Krankenhausserien: Wo sind all die Ärzte hin?
„Grey‘s Anatomy“bekommt eine 21. Staffel. Aber was können die Nachfolger? Über asoziale Genies, Teams am Rande des Burn-outs und einen Gynäkologen, der Tattoos absichtlich falsch zusammennäht.

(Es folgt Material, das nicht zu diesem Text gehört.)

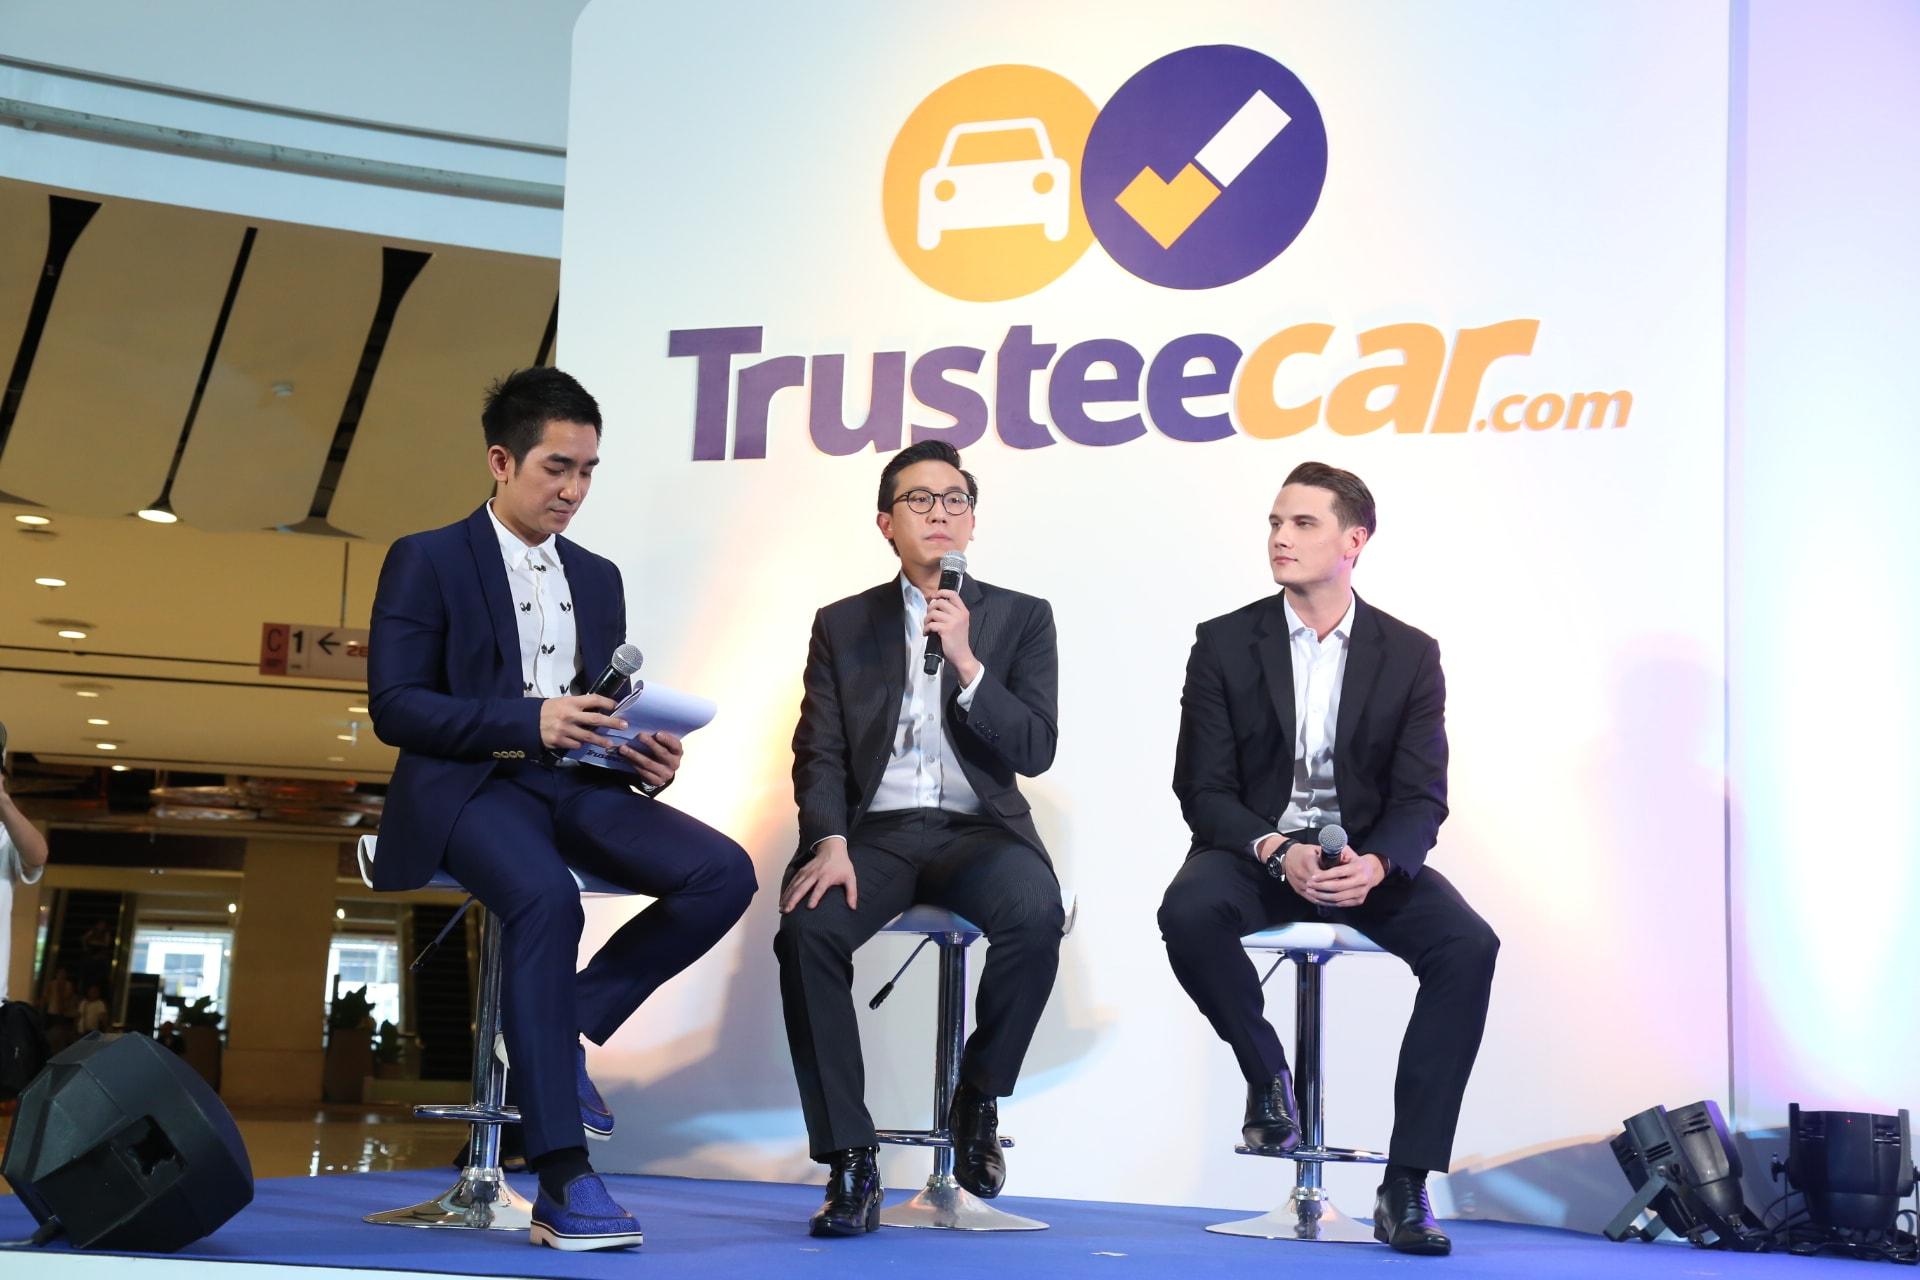 Trusteecar7

The Good Doctor Autisten diagnostizieren besser
Im Wesentlichen gibt es zwei Typen von Krankenhausserien: Die einen zeigen Teams, die tagtäglich mit Herzinfarkten, zu früh geborenen Babys, schlecht behandeltem Diabetes und Schusswunden zu tun haben und nicht nur gegen Krankheiten, sondern auch gegen die Strukturen kämpfen. Die anderen drehen sich um außergewöhnliche Fälle lösende Genies. „Grey‘s Anatomy“gegen „Dr. House“sozusagen.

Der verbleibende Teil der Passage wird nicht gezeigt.